Some patients in the data have more than one encounters, we need to make sure to remove the multiple patient visits because that might cause bias in our predictions. For that reason we remove all the visits by a patient other than their first visit (i.e., index visit).

In [None]:
# Check for readmitted patients and remove all visits other than the 1st visit
#patients = data['patient_nbr']
#data[patients.isin(patients[patients.duplicated()])]

In [None]:
#dropping the patients encounters other than 1st visit
data = data.drop_duplicates(subset= ['patient_nbr'], keep = 'first')
data.shape

Variables like admission_type_id, discharge_despotion_id etc does not have any intrinsic value associated with them.
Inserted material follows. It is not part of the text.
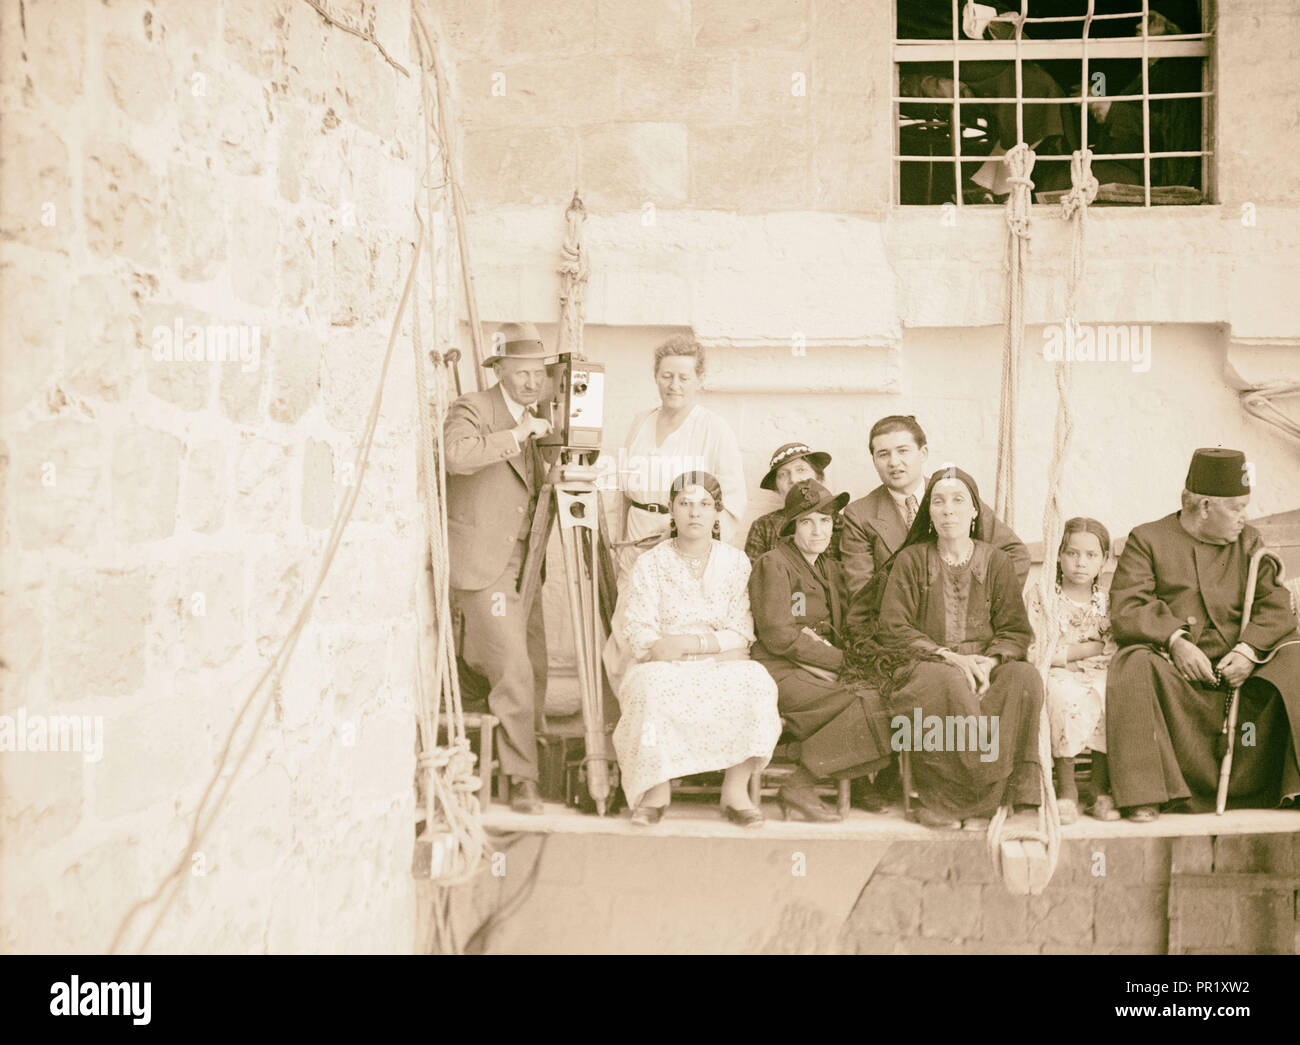 Eric and Edith Matson with movie camera, standing on platform suspended from building, with other people, Jerusalem?. 1925 Stock Photo

So we make them categorical variables.

In [None]:
# coercing the admission_type_id, discharge_disposition_id, admission_source_id diag_1_category, \
# max_glu_serum, A1Cresult into categorical since the magnitudes does not have any intrinsic value
data['admission_type_id'] = data['admission_type_id'].astype('object')
data['admission_source_id'] = data['admission_source_id'].astype('object')
data['discharge_disposition_id'] = data['discharge_disposition_id'].astype('object')
data['diag_1_category'] = data['diag_1_category'].astype('object')
data['max_glu_serum'] = data['max_glu_serum'].astype('object')
data['A1Cresult'] = data['A1Cresult'].astype('object')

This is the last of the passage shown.